Has Covid changed the way you work?
In the beginning it was a case of swimming upstream. Everything was changing so quickly. We had just launched a third printing of the playing cards, and I was struggling to get the orders out. I was sending email updates and apologising constantly – we are so used to receiving things we’ve ordered online immediately, that this slowing down of the process felt really unnatural. My local post office closed and I drove to a nearby village that I’d heard on the grapevine was still processing post! I remember winging my way along a country lane thinking ‘is this essential travel?’

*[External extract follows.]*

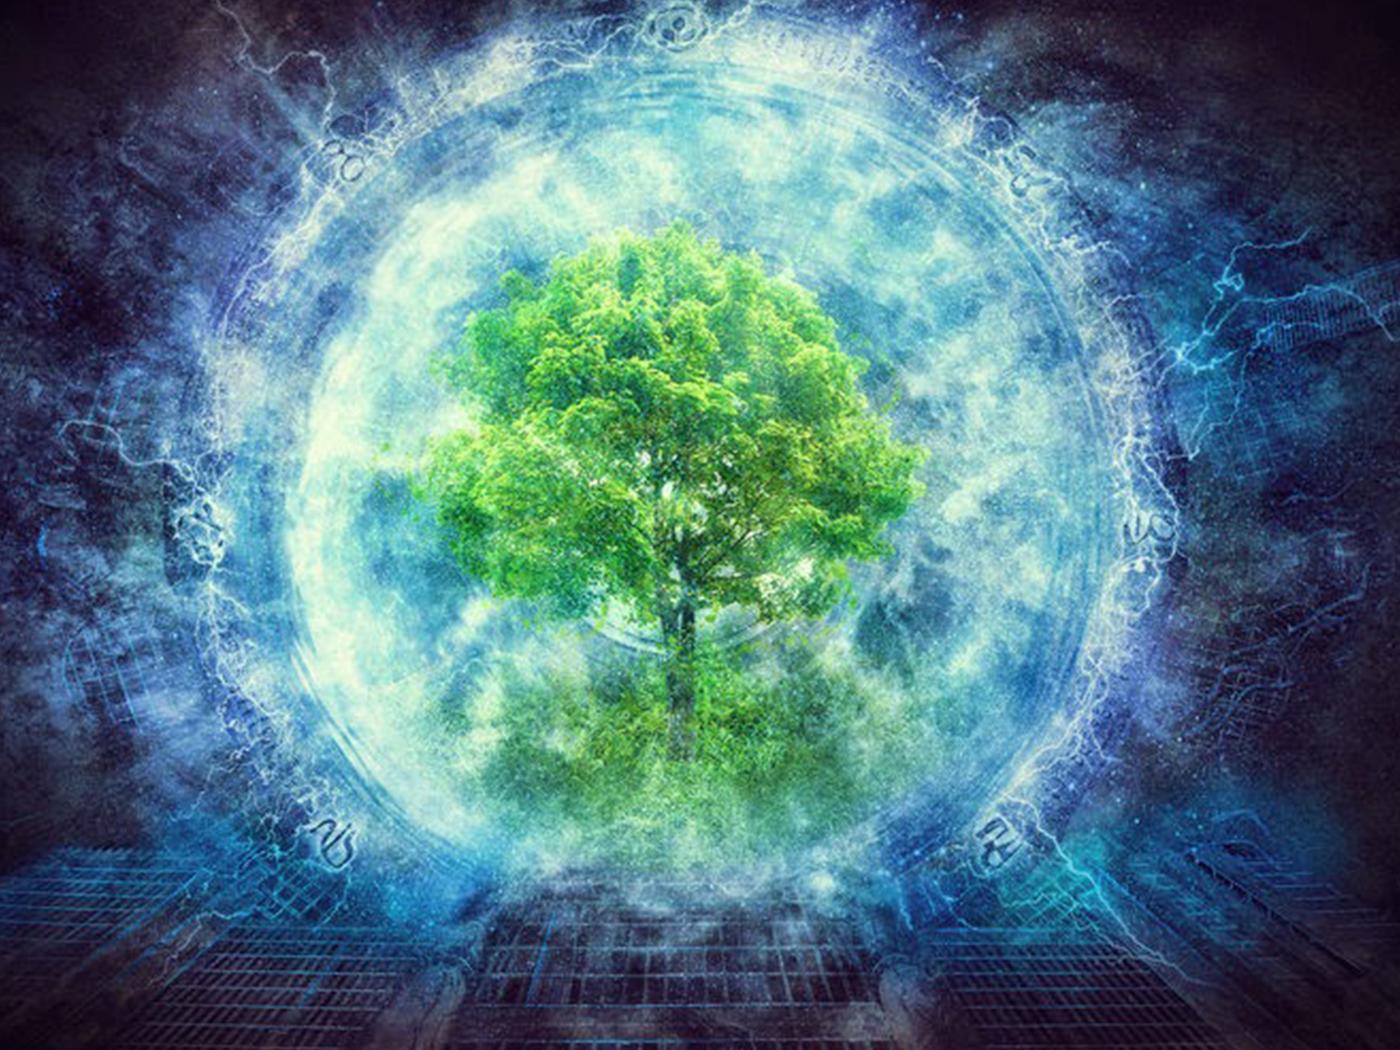 Evolutionists Sense Life's Design and Deify Nature

Ultimately, when it comes to my studio, I work best on my own, and once I understood that walking to my studio and back was not illegal, everything settled down a bit. And when my local post office branch reopened things became easier and calmer. The biggest change is screen sharing has become how the author and I have kept communicating about changes to the book and how we have kept the collaborative design process afloat. We used to have meetings, sitting in Dishoom with paper samples and coffee, having the sort of breakfasts that becomes lunches – and I do miss that.
What are your plans for the future?
“Utter” & Press has turned out to be a really exciting project and I want to keep up the momentum. Having a platform to produce work which gets an audience is a responsibility that I don’t take lightly. I want to make the next work as beautiful as the last, and to explore the ways that performance can be captured on paper.
I also want to learn more about binding! I feel like I have spent a lot of time looking at spread sheets recently and I really want to get lost in the making of a project. The contemplative satisfaction of folding paper is hard to beat.